Im Gegensatz zu den Vorjahren sorgten kein Novak Djokovic, Roger Federer oder Rafael Nadal für die Schlagzeilen, sondern ein Familienvater, der nach jedem Sieg gar nicht schnell genug zur eigenen Box laufen konnte, um seine Verlobte und die zweieinhalbjährige Tochter in den Arm zu nehmen. Selbst nach seiner Niederlage sprachen die ESPN-Experten Patrick McEnroe und Brad Gilbert mehr über Verlierer Haas als über Sieger Ferrer.
Der Oldie darf sich nun sogar über seine beste Platzierung in der Branchenwertung seit Januar 2008 freuen.
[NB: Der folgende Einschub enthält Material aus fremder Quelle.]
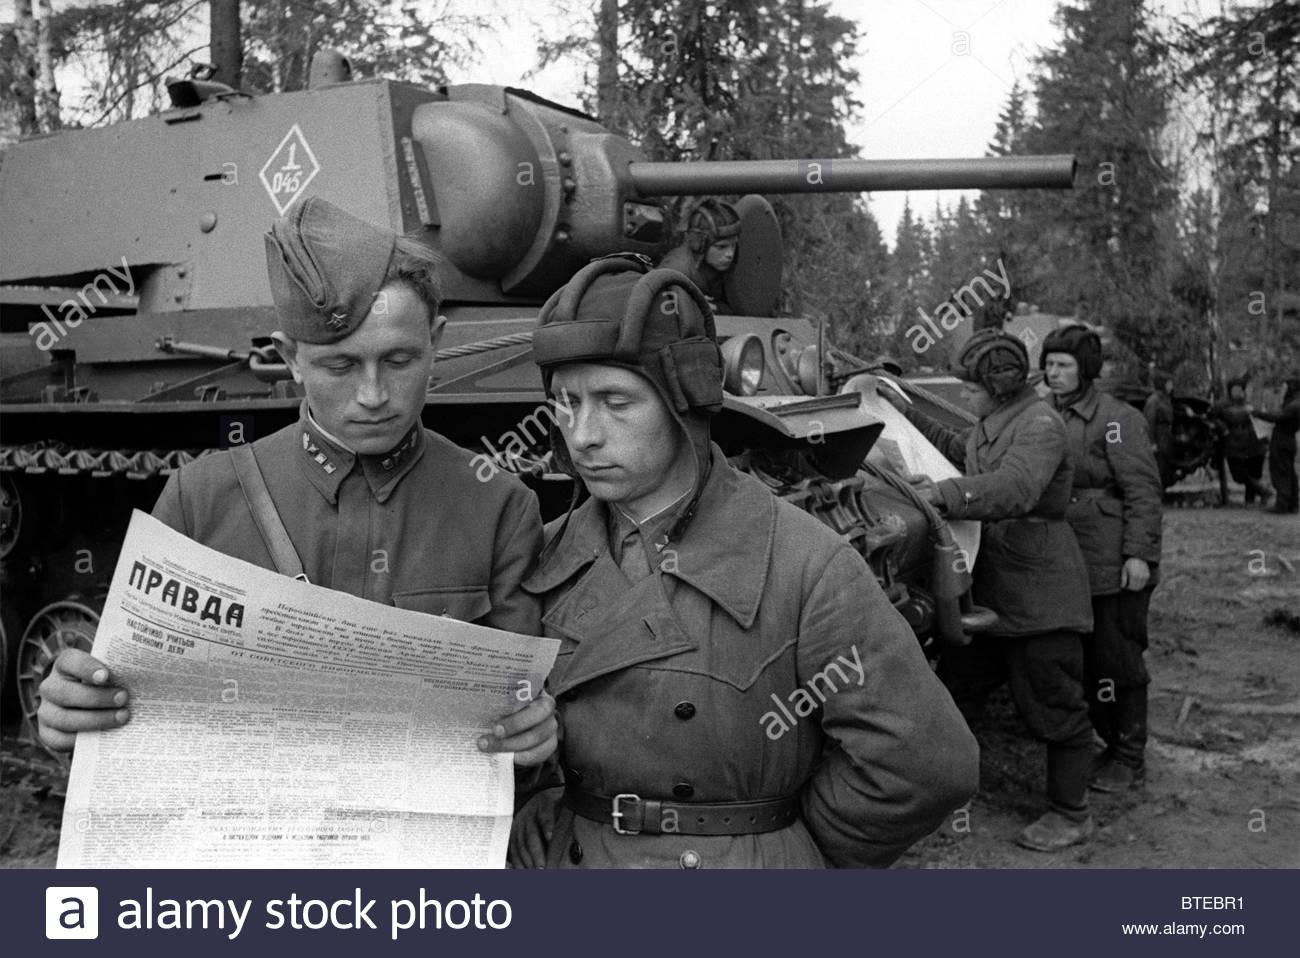 Great Patriotic War. Western Front, 1942 - Stock Image

Damals stand der gebürtige Hamburger auf Position 11, nun klettert er um vier Positionen auf Rang 14. In den Tagen von Miami hat Haas mal wieder gemerkt: Es kommt nicht darauf an, wie alt man ist oder wer auf der anderen Seite des Netzes steht. „Wenn man kämpft und an sich glaubt, ist wirklich noch einiges möglich“, sagte Haas. Auch mit fast 35 Jahren.